Maunaloa starts to erupt, sending ash nearby
Maunaloa, the world’s largest active volcano, has started to erupt for the first time in nearly four decades, prompting volcanic ash and debris to fall nearby, authorities said Monday.
The eruption began late Sunday night in the summit caldera of the volcano on Hawaiʻi Island, the U.S. Geological Survey said. Early Monday, it said lava flows were contained within the summit area and weren't threatening nearby communities.
“However, lava flows in the summit region are visible from Kona. There is currently no indication of any migration of the eruption into a rift zone,” the Hawaiian Volcano Observatory said in a statement. A rift zone is where the mountain is splitting apart, the rock is cracked and relatively weak and it’s easier for magma to emerge.
How long the volcano erupts and whether it could cause lava to flow to populated areas of the island is impossible to predict, said Miel Corbett, a USGS spokesperson.
“But I can tell you, we’re in constant communication right now with Hawaiʻi Civil Defense, and they’re providing updates to community members,” she said.
Even though it noted there is no indication of lava exiting the summit, the civil defense agency said it has opened shelters in Kailua Kona and Pahala because it has reports of of people self-evacuating along the South Kona coast.

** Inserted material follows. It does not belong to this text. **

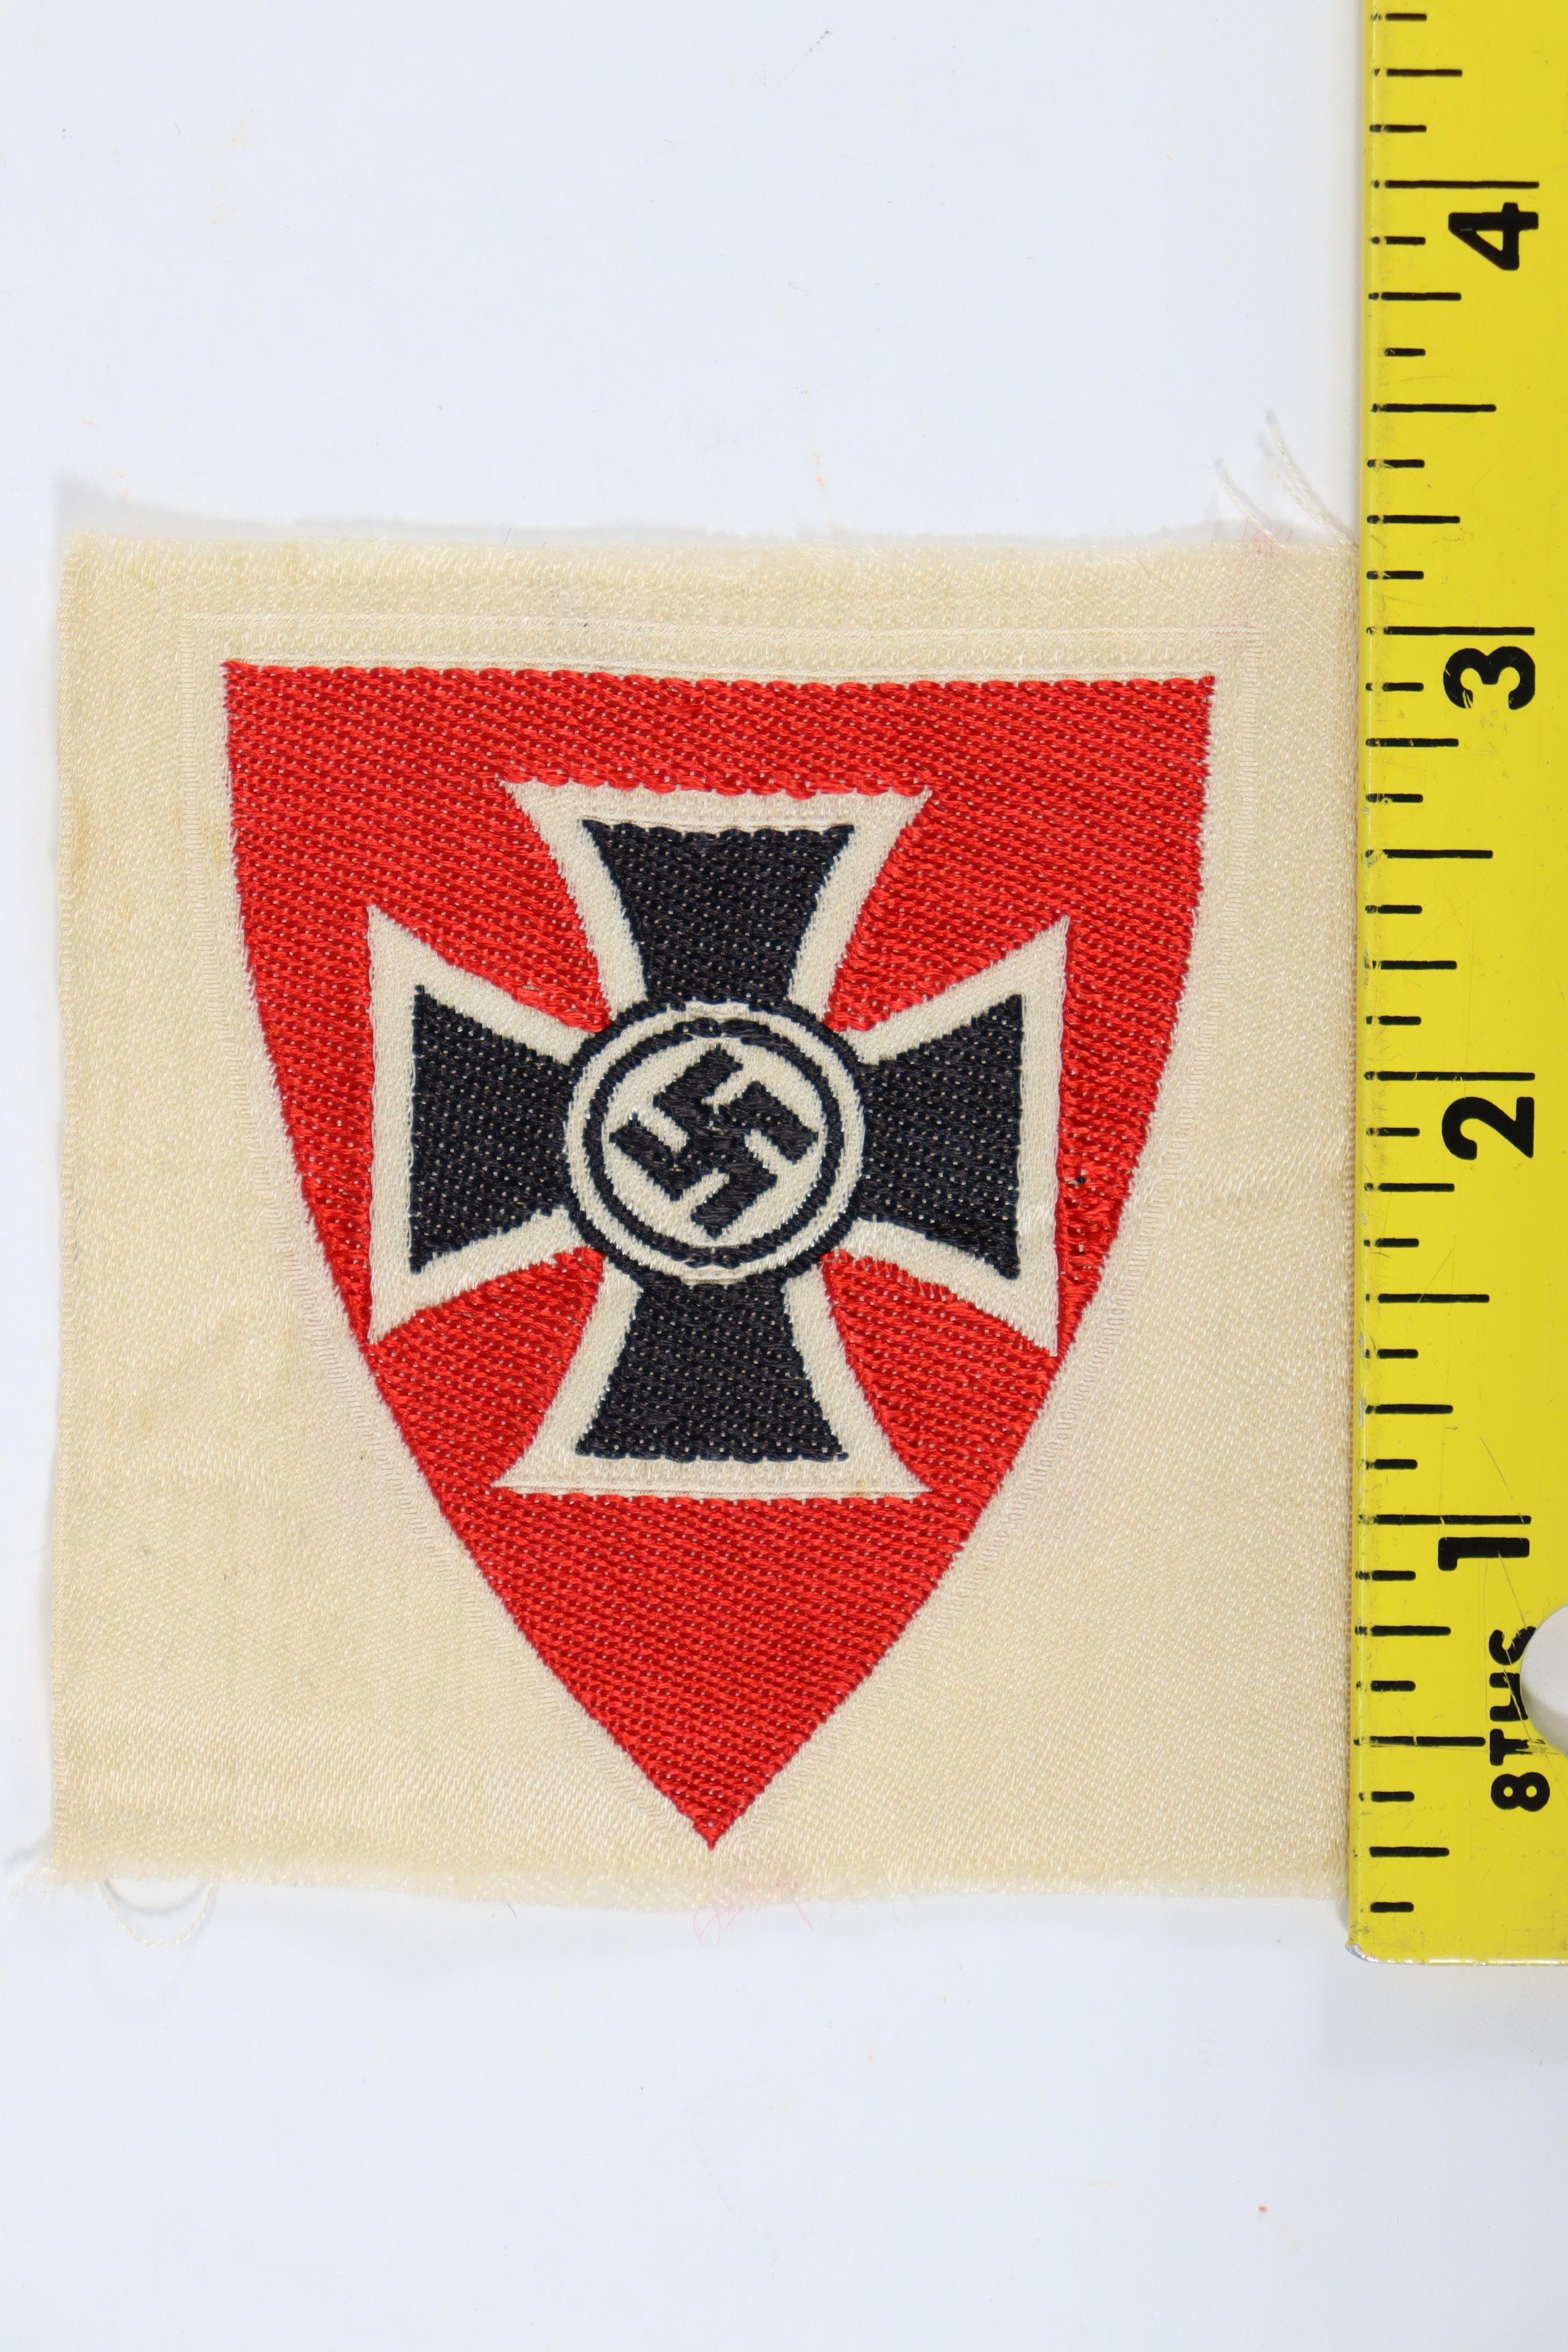 WWII Nazi Veteran's Patch

“Multiple images have surfaced on social media indicating lava activity outside of the caldera. At this time, no lava migration into a rift zone has been confirmed,” according to a statement.
The USGS warned residents at risk from Mauna Loa lava flows should review their eruption preparations. Scientists had been on alert because of a recent spike in earthquakes at the summit of the volcano, which last erupted in 1984.
Portions of Hawaiʻi Island were under an ashfall advisory issued by the National Weather Service in Honolulu, which said up to a quarter-inch (0.6 centimeters) of ash could accumulate in some areas.
Maunaloa is one of five volcanoes that together make up Hawaiʻi Island, which is the southernmost island in the Hawaiian archipelago.
Maunaloa, rising 13,679 feet (4,169 meters) above sea level, is the much larger neighbor to Kilauea volcano, which erupted in a residential neighborhood and destroyed 700 homes in 2018. Some of its slopes are much steeper than Kilauea’s so when it erupts, its lava can flow much faster.
During a 1950 eruption, the mountain’s lava traveled 15 miles (24 kilometers) to the ocean in less than three hours.